Repeat exactly, and only, the lines below starting at the line that contains "Mid Blue on" and ending at the line that contains "Suite No. 1", inclusive of both.

Segment Start: Data shown

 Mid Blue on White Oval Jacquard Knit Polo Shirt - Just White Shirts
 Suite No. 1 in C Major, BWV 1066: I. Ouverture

Segment End: Data shown
Segment Start: Data shown

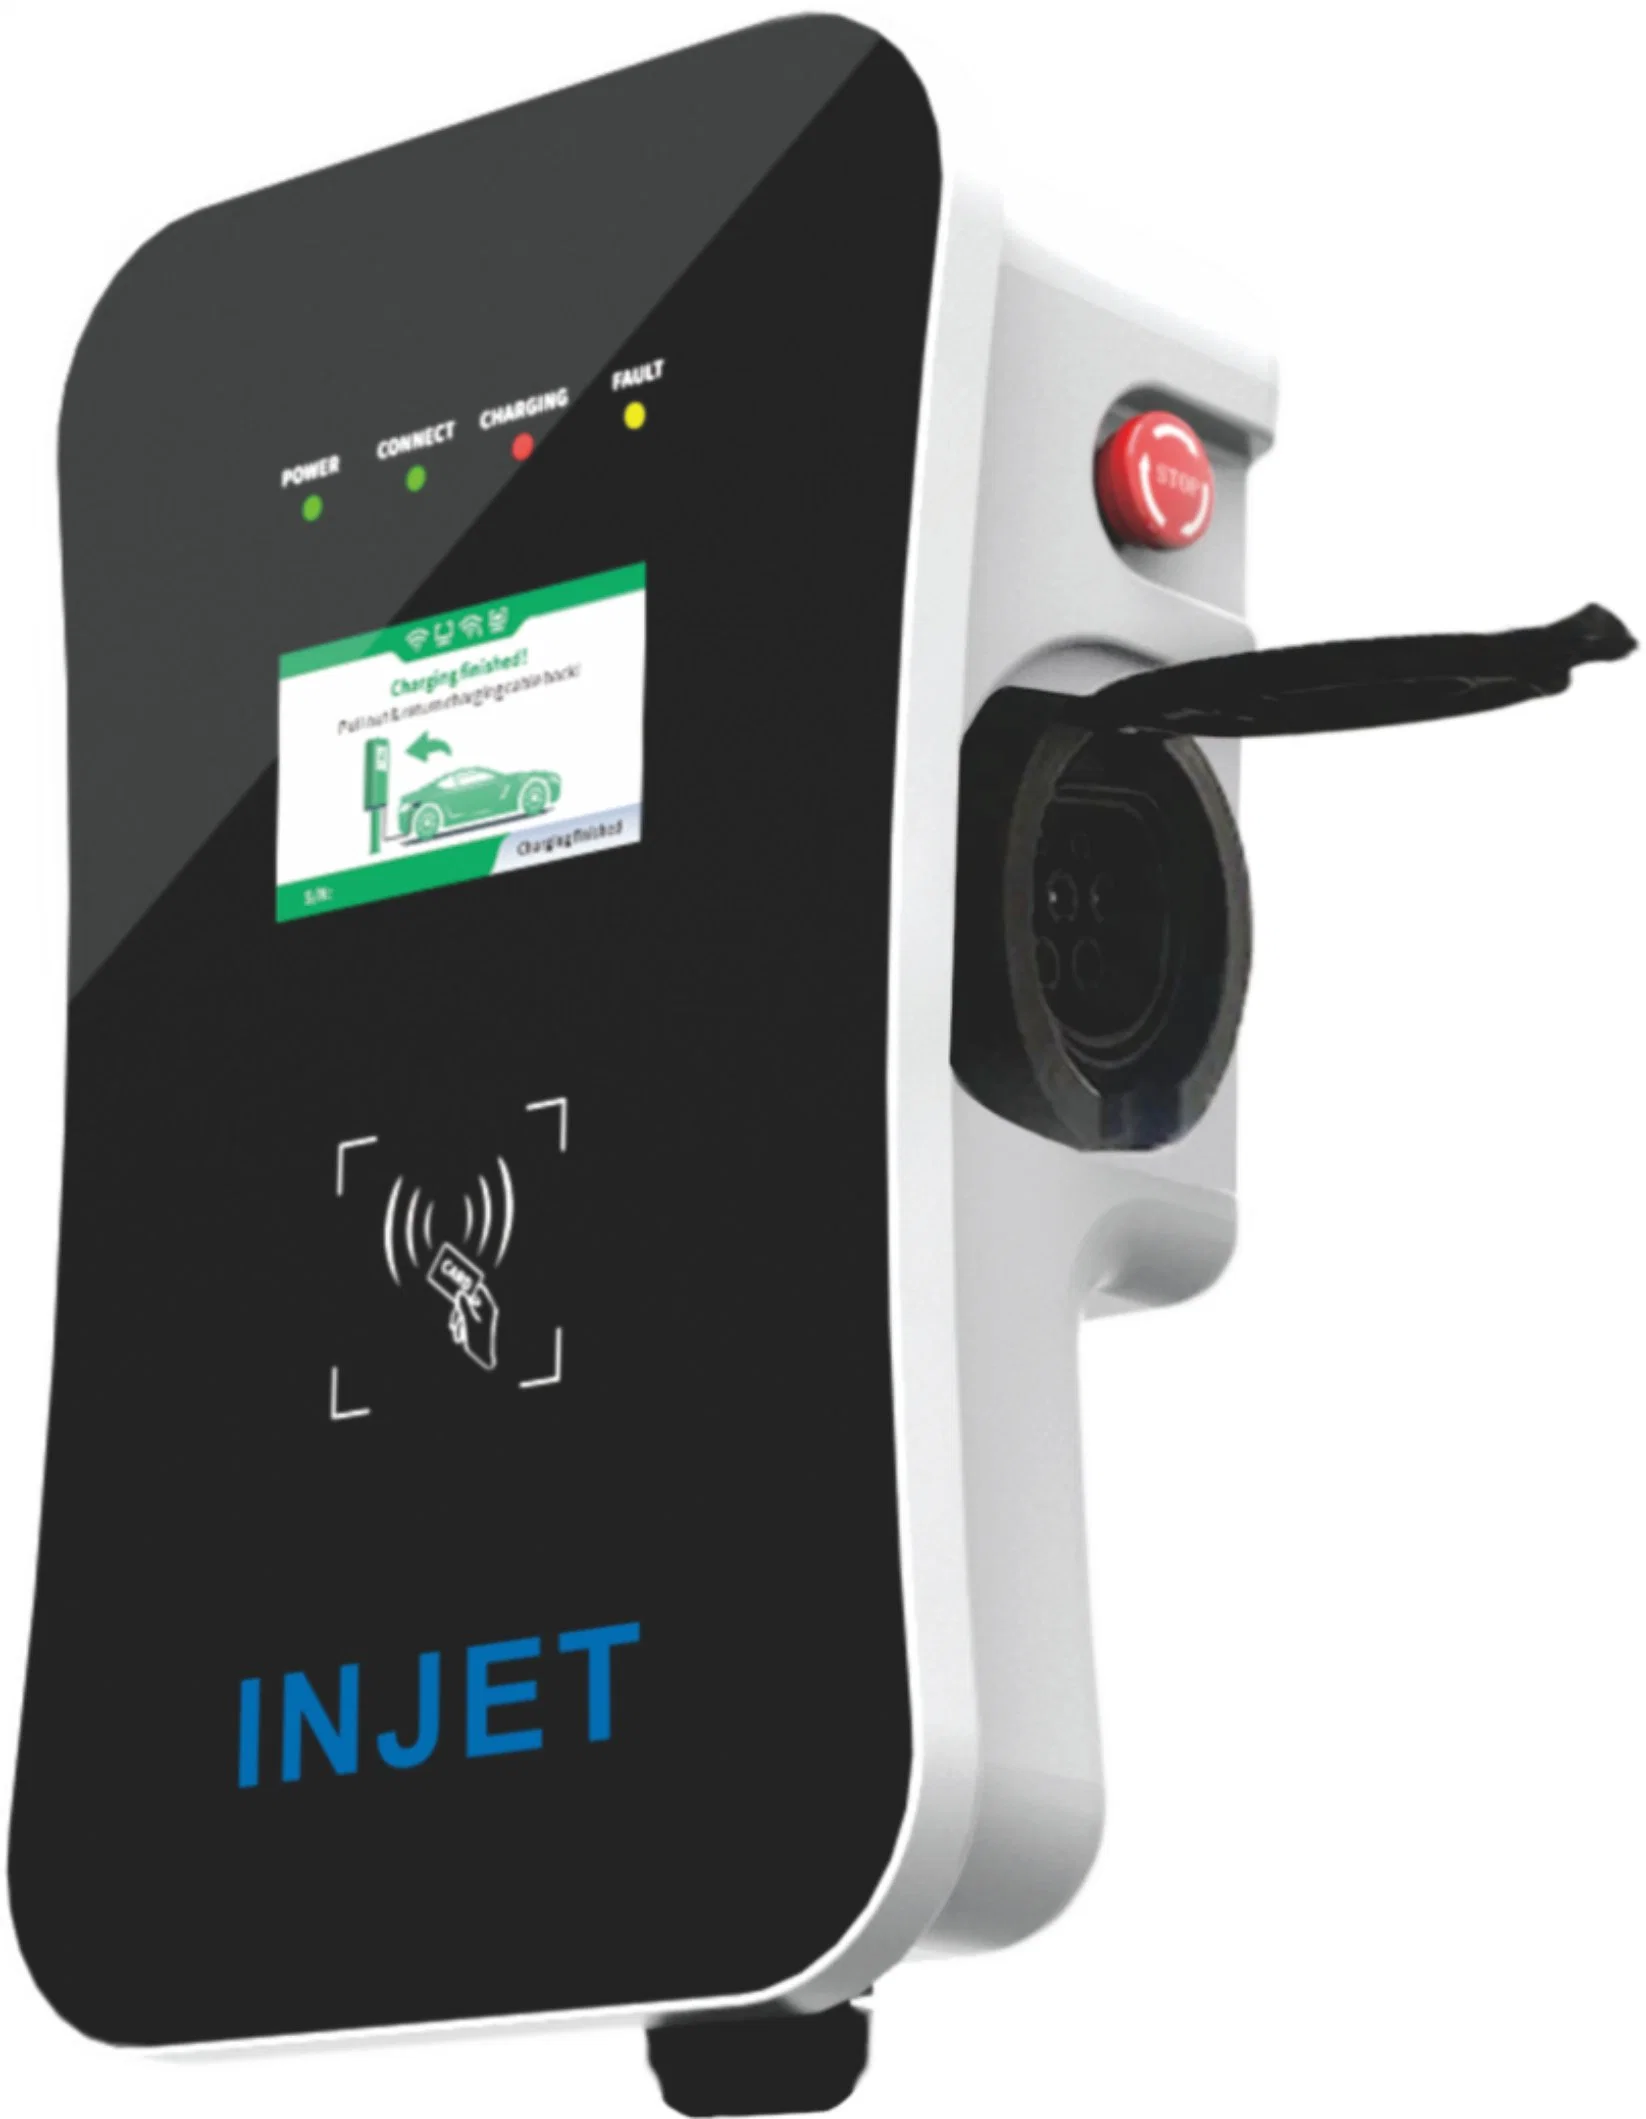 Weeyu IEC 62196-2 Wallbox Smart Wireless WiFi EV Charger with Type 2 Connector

Segment End: Data shown

▸ **Written response**:
 Mid Blue on White Oval Jacquard Knit Polo Shirt - Just White Shirts
 Suite No. 1 in C Major, BWV 1066: I. Ouverture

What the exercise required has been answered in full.